Rarely hypocalcaemia can be due to damage to the parathyroid glands by infiltration or radiation. Additionally, abnormal parathyroid gland development, as seen in DiGeorge syndrome, can result in hypocalcaemia.

Untreated, hypocalcaemia can cause dangerous cardiac arrhythmias and seizures.

Calcium is essential for many functions and structures in the body. This includes stability of membrane potential, neural transmission, bony structures, coagulation and intracellular signalling.

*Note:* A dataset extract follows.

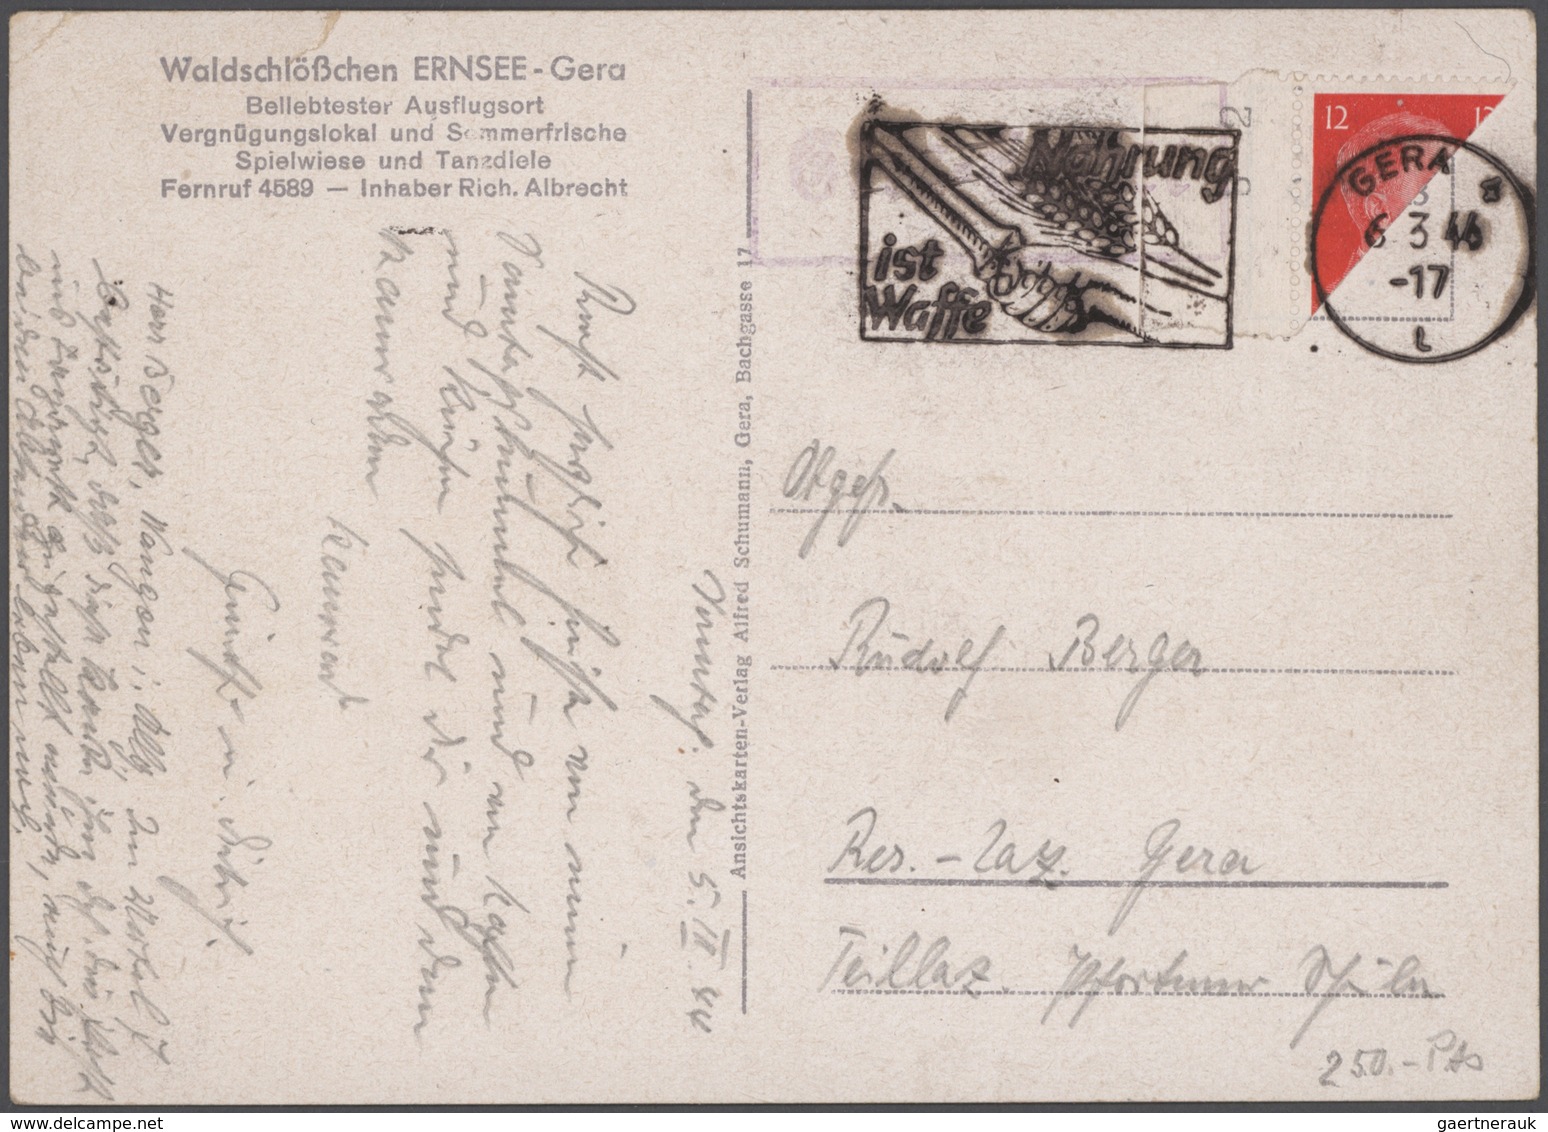 Deutsches Reich: 1872-1944, toller Bestand mit über 500 Briefen, Karten, Ganzsachen und Belegen, dab

Hypocalcaemia can lead to neuromuscular irritability and tetany. In severe hypocalcaemia life-threatening arrhythmias and seizures can develop.

Acute hypocalcaemia is characterised by paraesthesia and muscle spasms.

Symptoms

This usually occurs at calcium concentrations < 1.9 mmol/L

• Paraesthesia (numbness and tingling sensation, usually located peri-orally and in the fingers/toes)
• Muscle cramps
• Wheezing
• Voice changes (laryngospasm)
• CNS disturbance (seizures, irritability, confusion)
• Chest pain (angina)
• Palpitations (arrhythmias)

Signs

Two classical eponymous signs are associated with hypocalcaemia:

• Trousseau's sign: development of carpopedal spasm* following inflation of a blood pressure (BP) cuff above systolic BP
• Chvostek's sign: tapping over the course of the facial nerve in the pre-auricular area causes muscle spasms (seen as twitching of the face, mouth or nose)

* Carpopedal spasm refers to flexion at the wrist and metacarpophalangeal joints, extension of the interphalangeal joints and adduction of the thumb

The diagnosis of hypocalcaemia is based on a serum corrected calcium < 2.2 mmol/L.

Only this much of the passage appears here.